*Dataset section*.

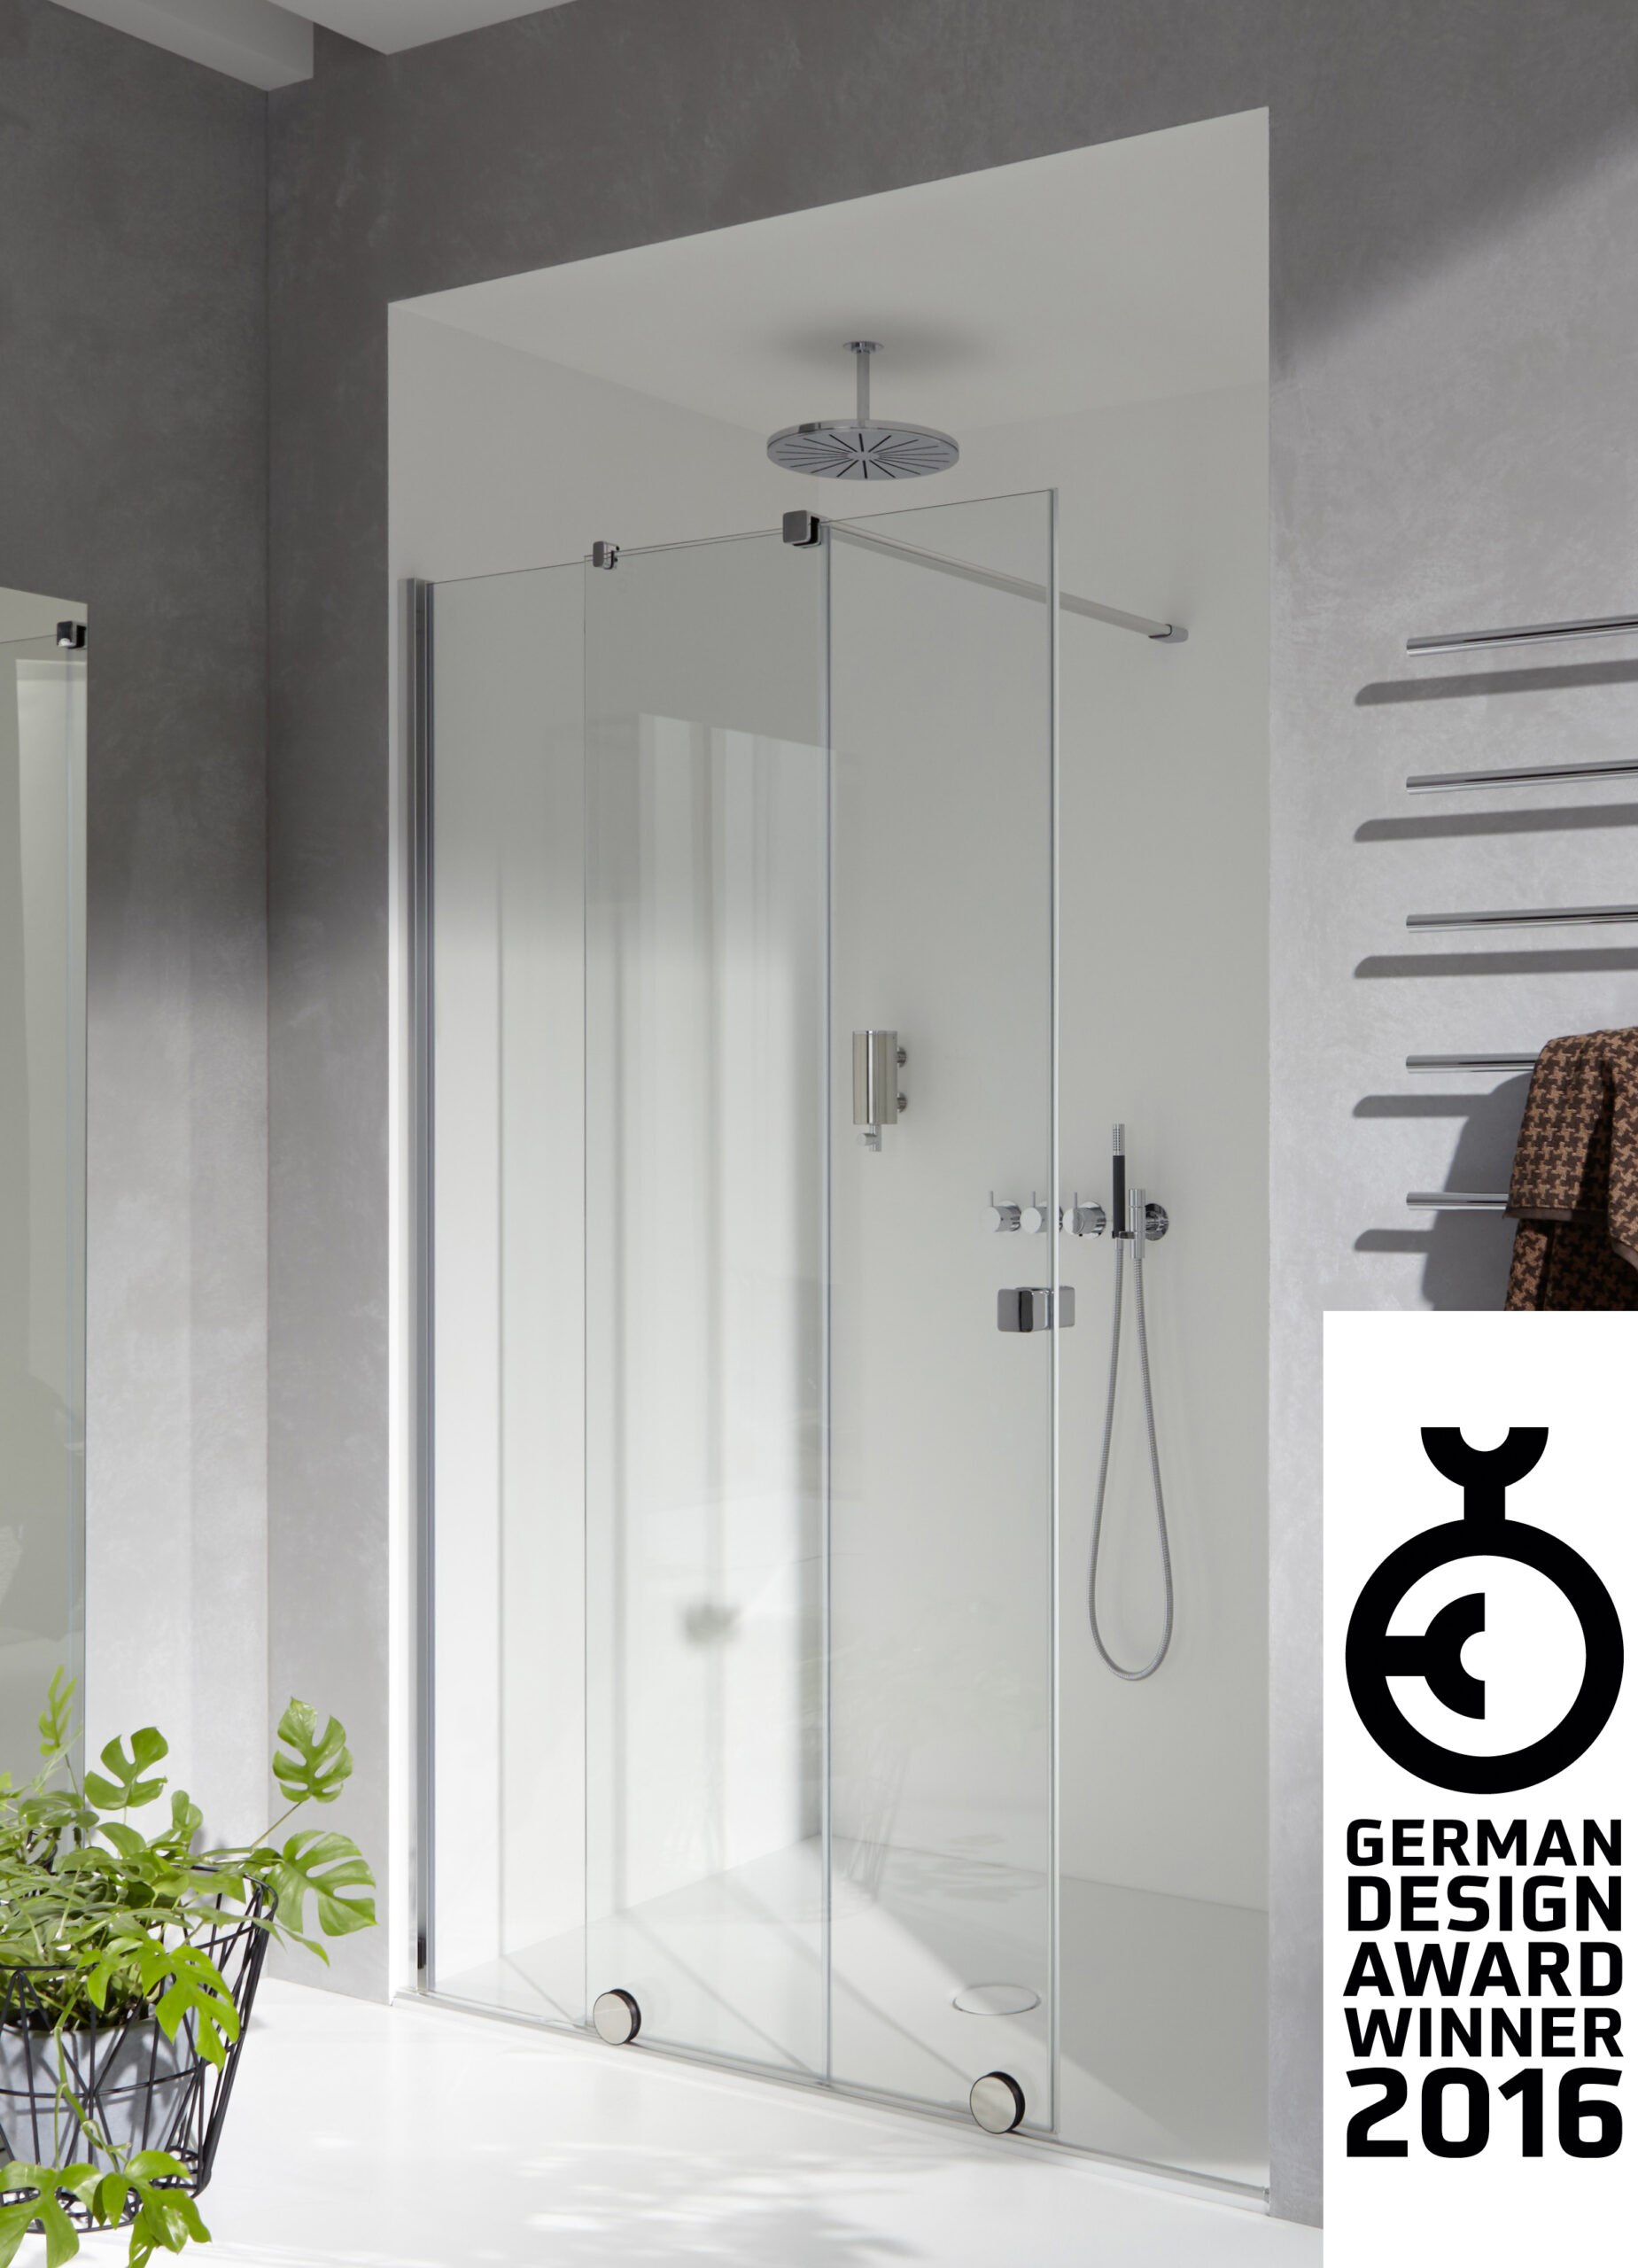 Full Size of Schulte Duschen Kaufen Bodengleiche Breuer Sprinz Moderne Hsk Werksverkauf Hüppe Dusche Begehbare Dusche Hüppe Duschen
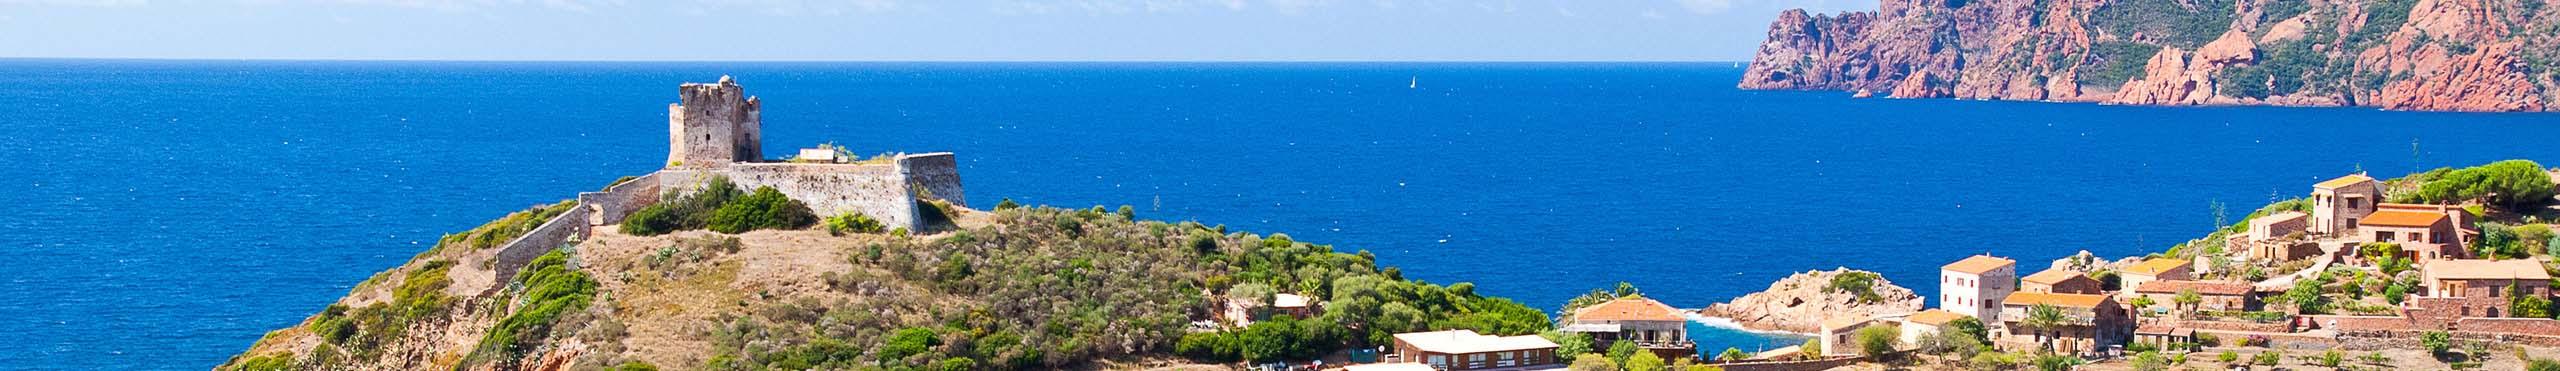 Défiscalisation : pourquoi investir dans un FIP Corse dès maintenant ?
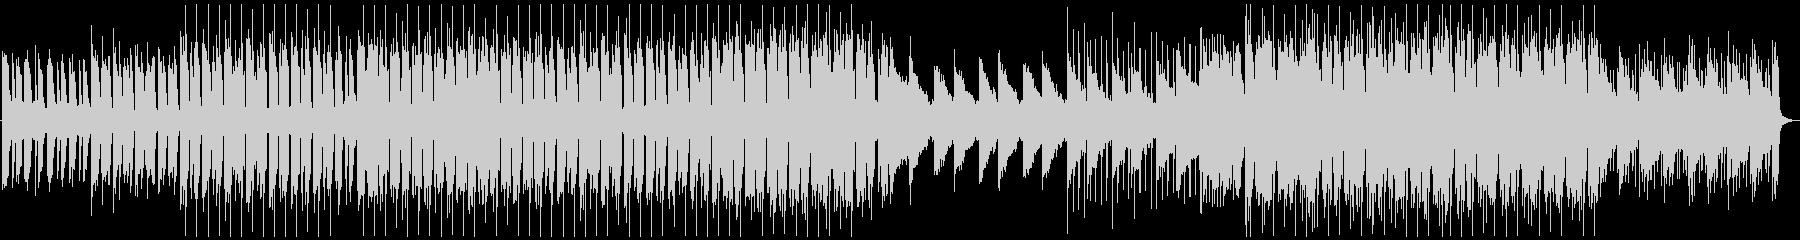 プログレッシブハウス・EDM 02の未再生の波形
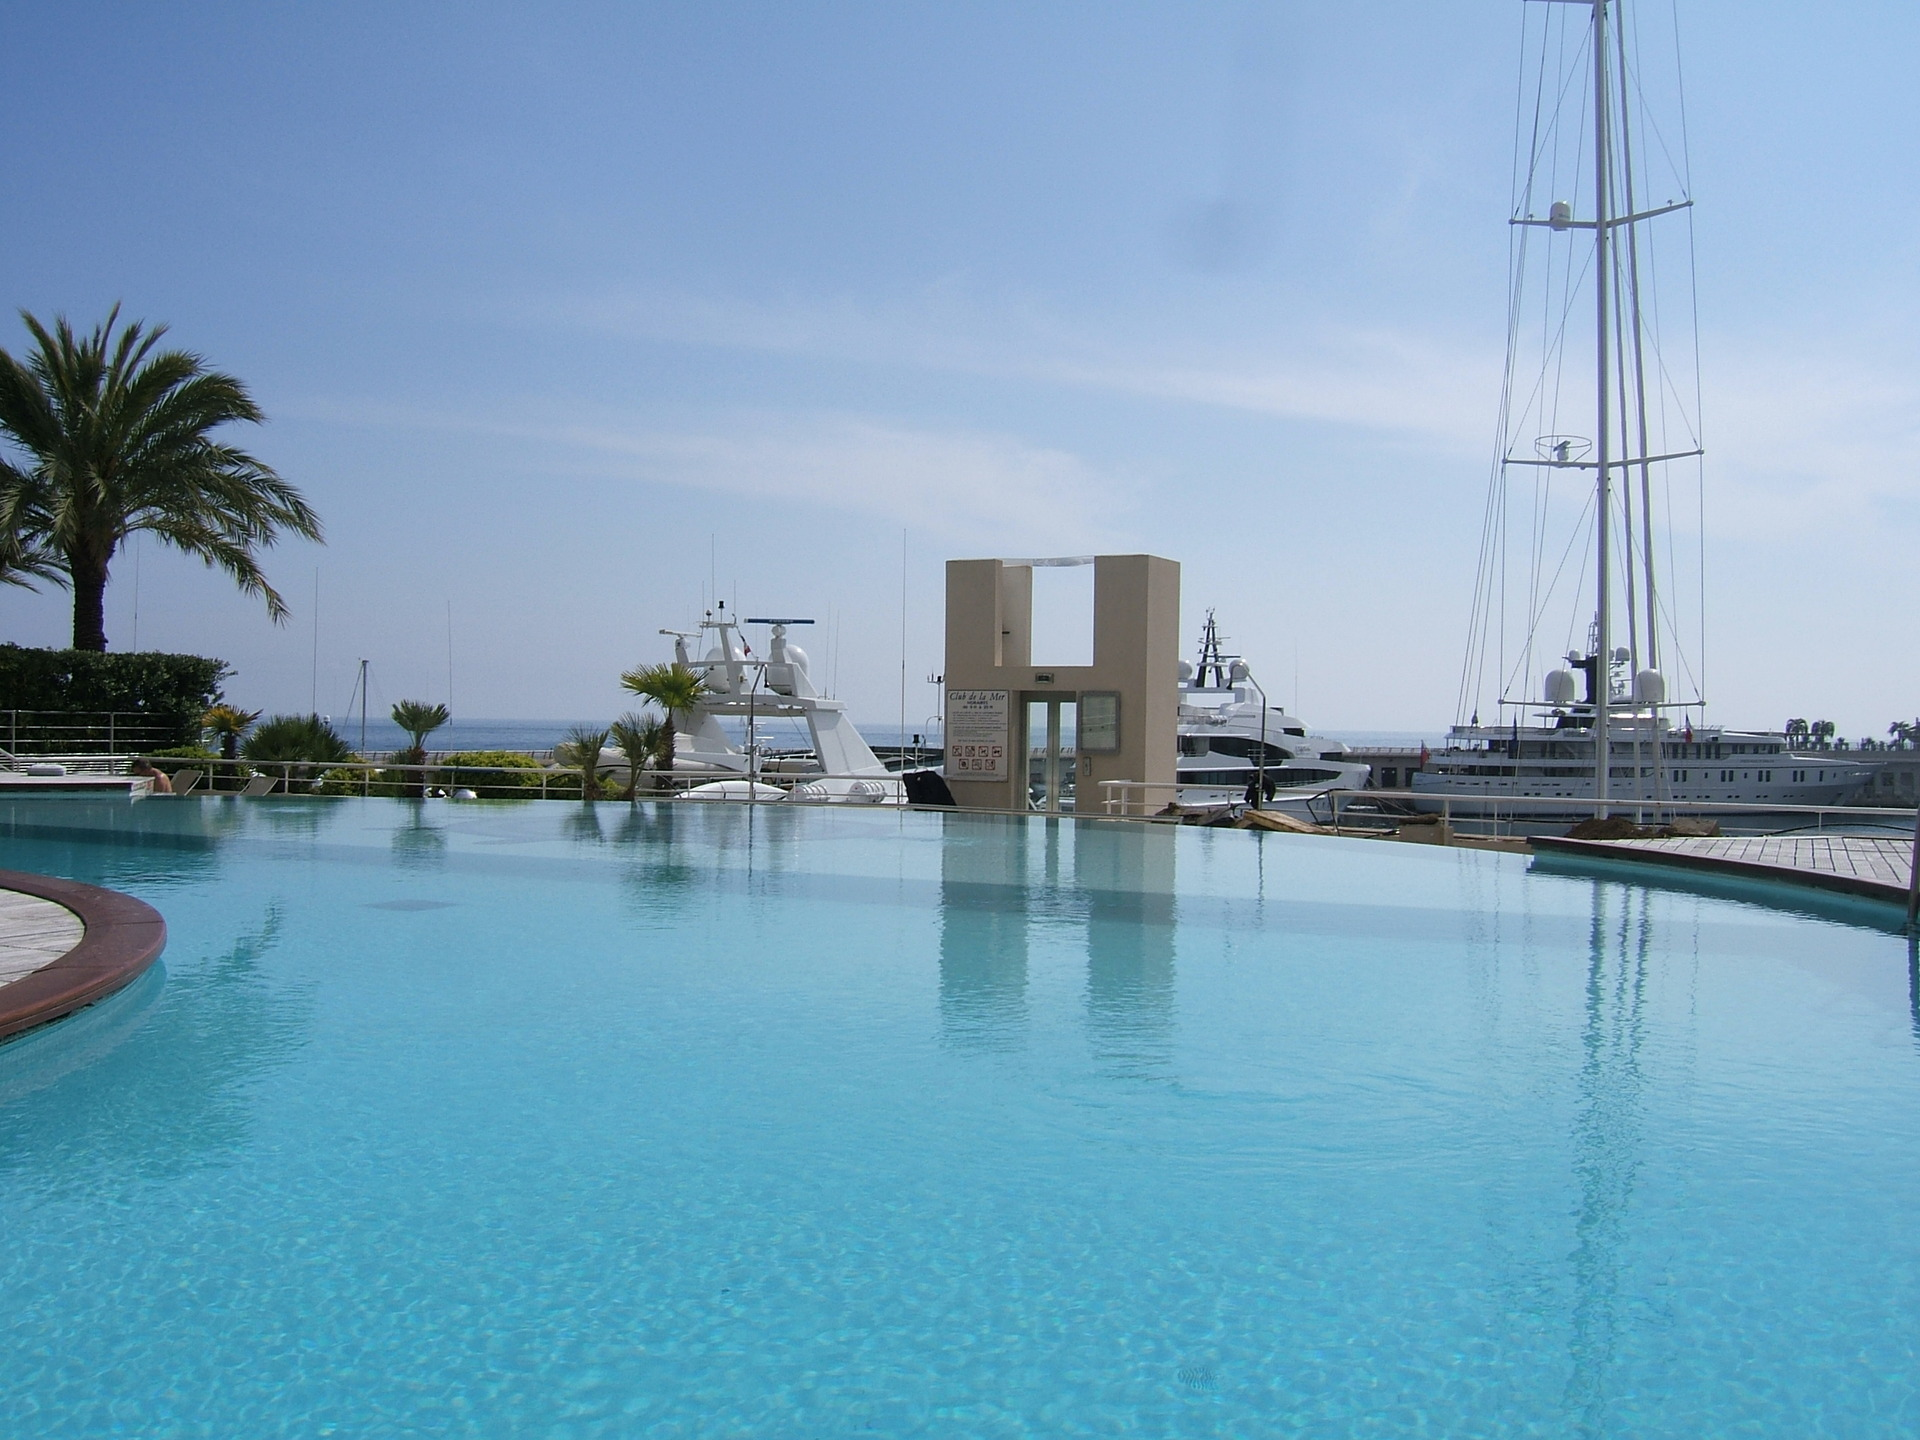 seaside-plaza-Monaco-luxury-pool

*What you are asked to do*. When you write out the material, keep every line exact and leave out each picture.

*Answer to this problem*.
 Full Size of Schulte Duschen Kaufen Bodengleiche Breuer Sprinz Moderne Hsk Werksverkauf Hüppe Dusche Begehbare Dusche Hüppe Duschen
 Défiscalisation : pourquoi investir dans un FIP Corse dès maintenant ?
 プログレッシブハウス・EDM 02の未再生の波形
 seaside-plaza-Monaco-luxury-pool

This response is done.